From: David Rientjes <rientjes@google.com>
To: Michal Hocko <mhocko@kernel.org>
Cc: Andrew Morton <akpm@linux-foundation.org>,
Jonathan Corbet <corbet@lwn.net>,
"Kirill A. Shutemov" <kirill.shutemov@linux.intel.com>,
Vlastimil Babka <vbabka@suse.cz>,
Mel Gorman <mgorman@techsingularity.net>,
linux-kernel@vger.kernel.org, linux-mm@kvack.org
Subject: Re: [patch] mm, thp: always direct reclaim for MADV_HUGEPAGE even when deferred
Date: Fri, 23 Dec 2016 14:46:43 -0800 (PST) [thread overview]

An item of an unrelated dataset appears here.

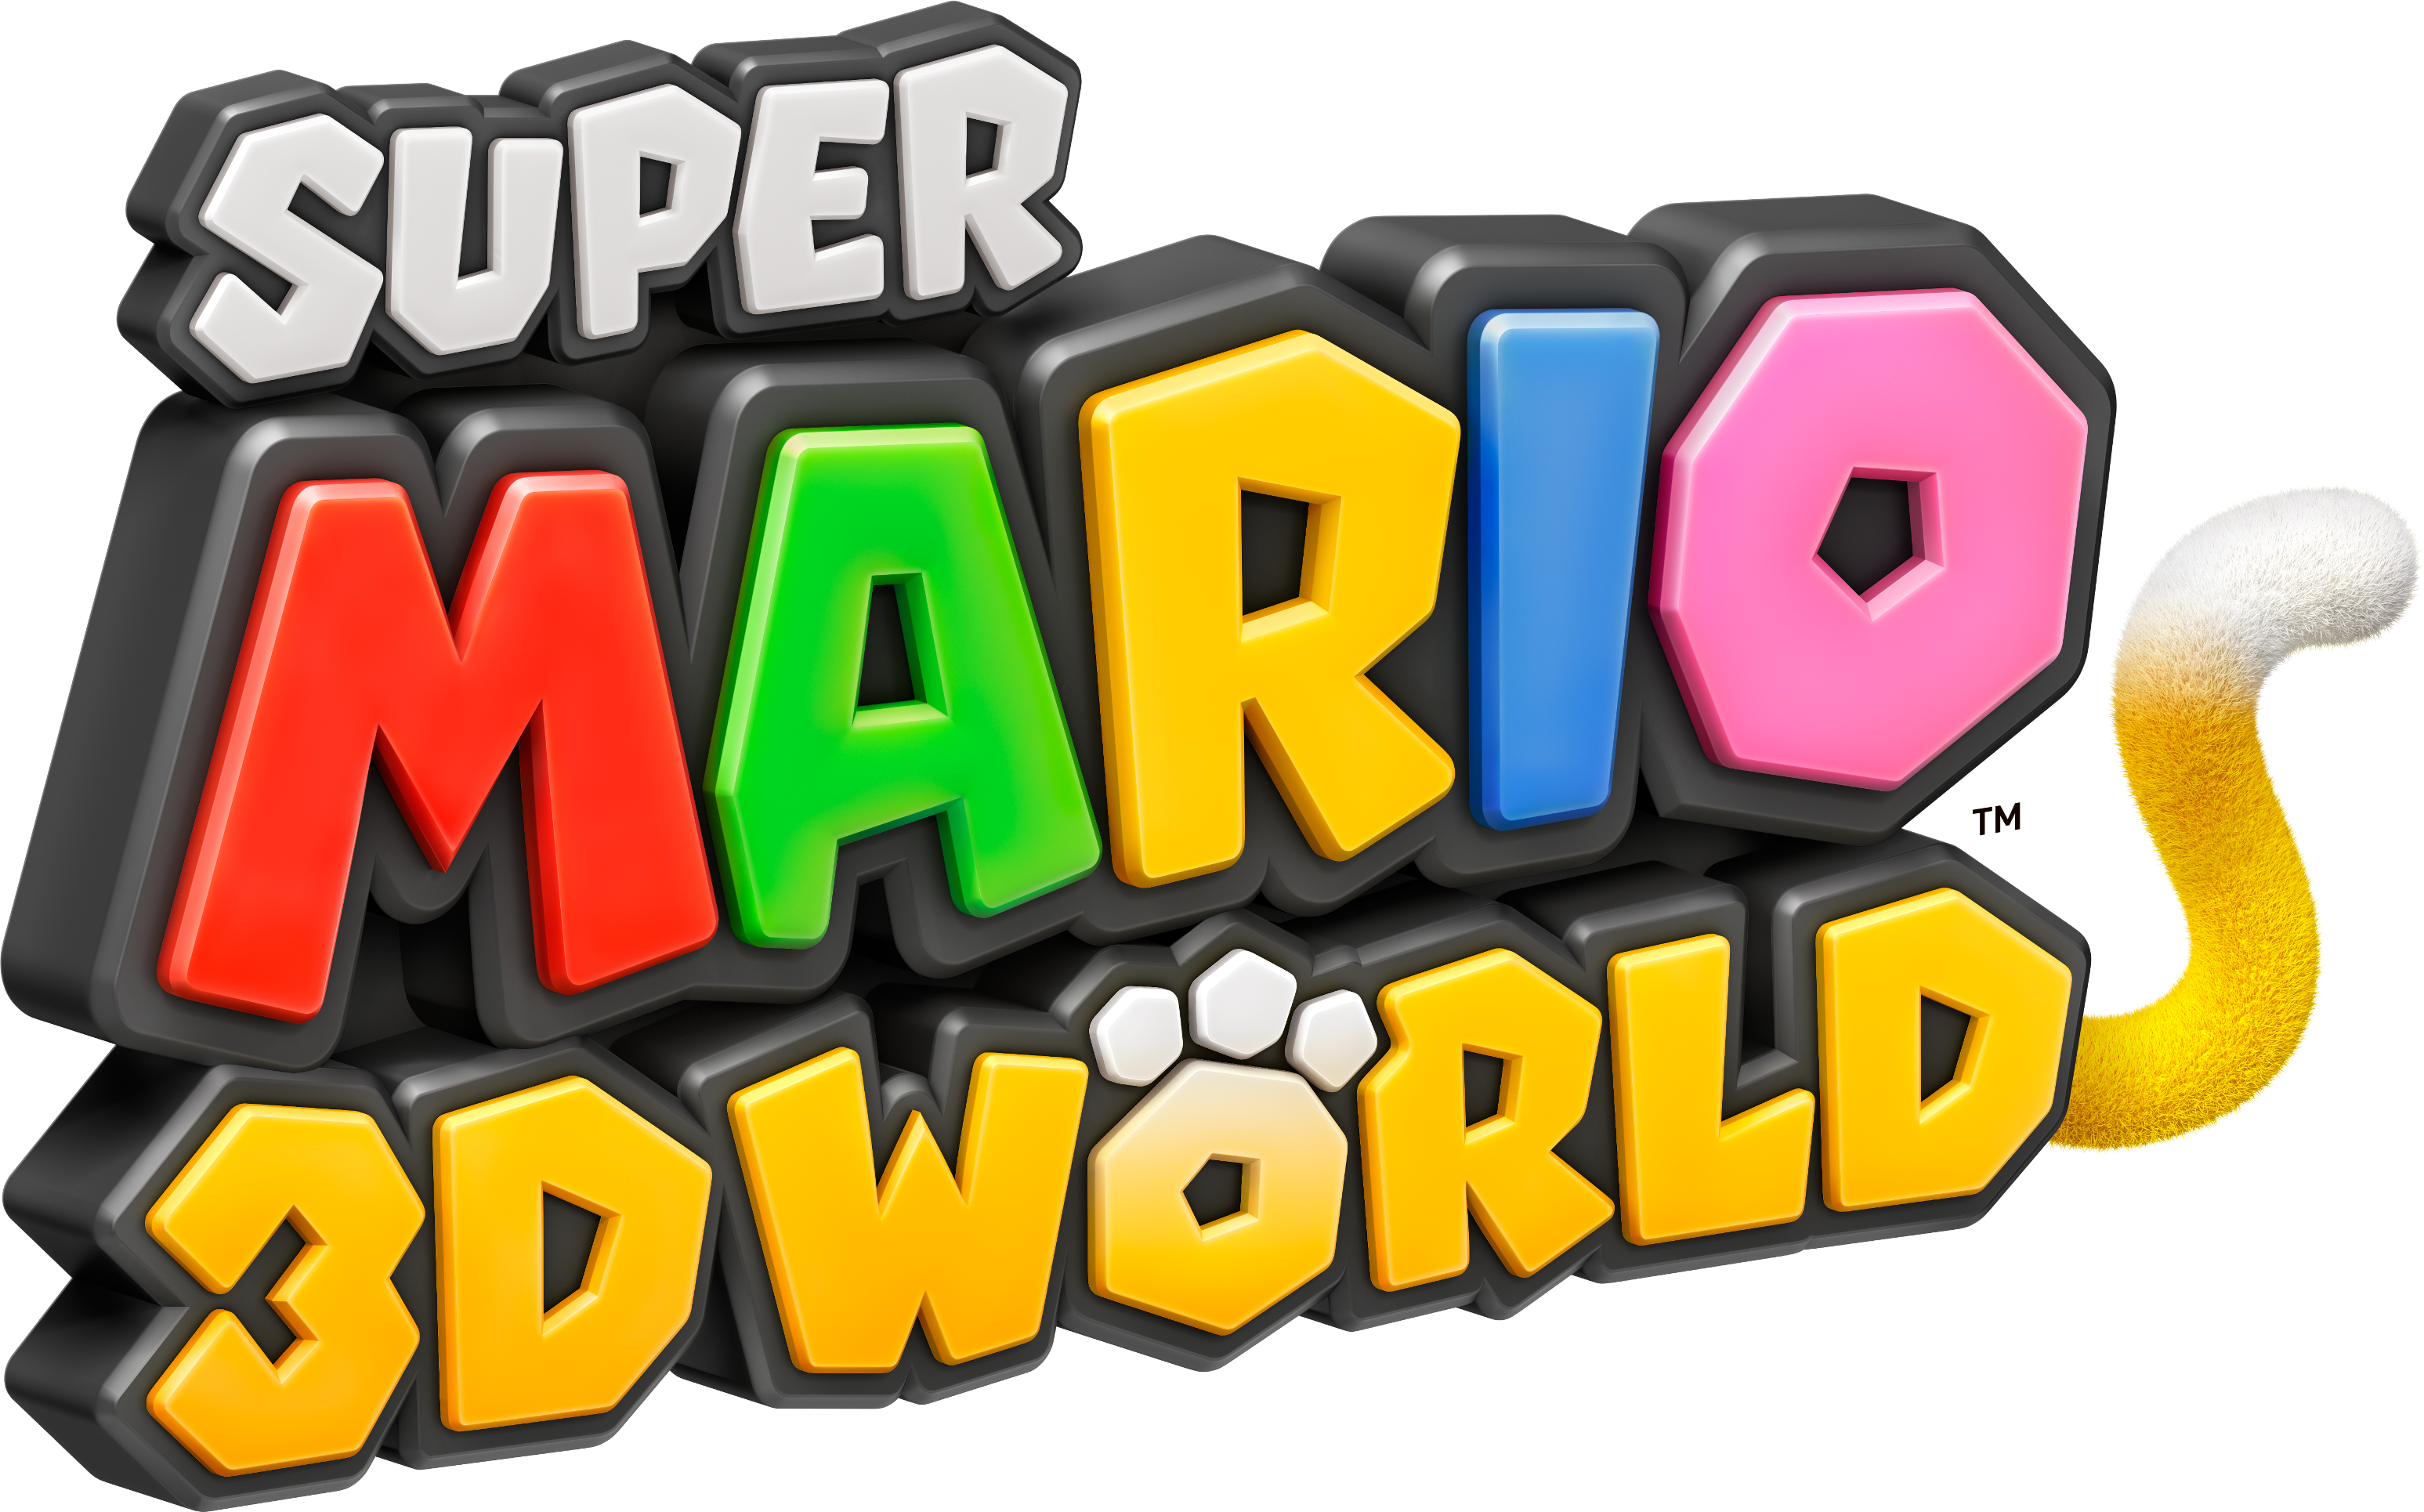 super mario 3d world for cemu

Message-ID: <alpine.DEB.2.10.1612231428030.88276@chino.kir.corp.google.com> (raw)
In-Reply-To: <20161223111817.GC23109@dhcp22.suse.cz>
On Fri, 23 Dec 2016, Michal Hocko wrote:
> > We have no way to compact memory for users who are not using
> > MADV_HUGEPAGE,
>
> yes we have. it is defrag=always. If you do not want direct compaction
> and the resulting allocation stalls then you have to rely on kcompactd
> which is something we should work longterm.
>
No, the point of madvise(MADV_HUGEPAGE) is for applications to tell the
kernel that they really want hugepages. Really. Everybody else either
never did direct compaction or did a substantially watered down version of
it. Now, we have a situation where you can either do direct compaction
for MADV_HUGEPAGE and nothing for anybody else, or direct compaction for
everybody. In our usecase, we want everybody to kick off background
compaction because order=9 gfp_mask & __GFP_KSWAPD_RECLAIM is the only
thing that is going to trigger background compaction but are unable to do
so without still incurring lengthy pagefaults for non MADV_HUGEPAGE users.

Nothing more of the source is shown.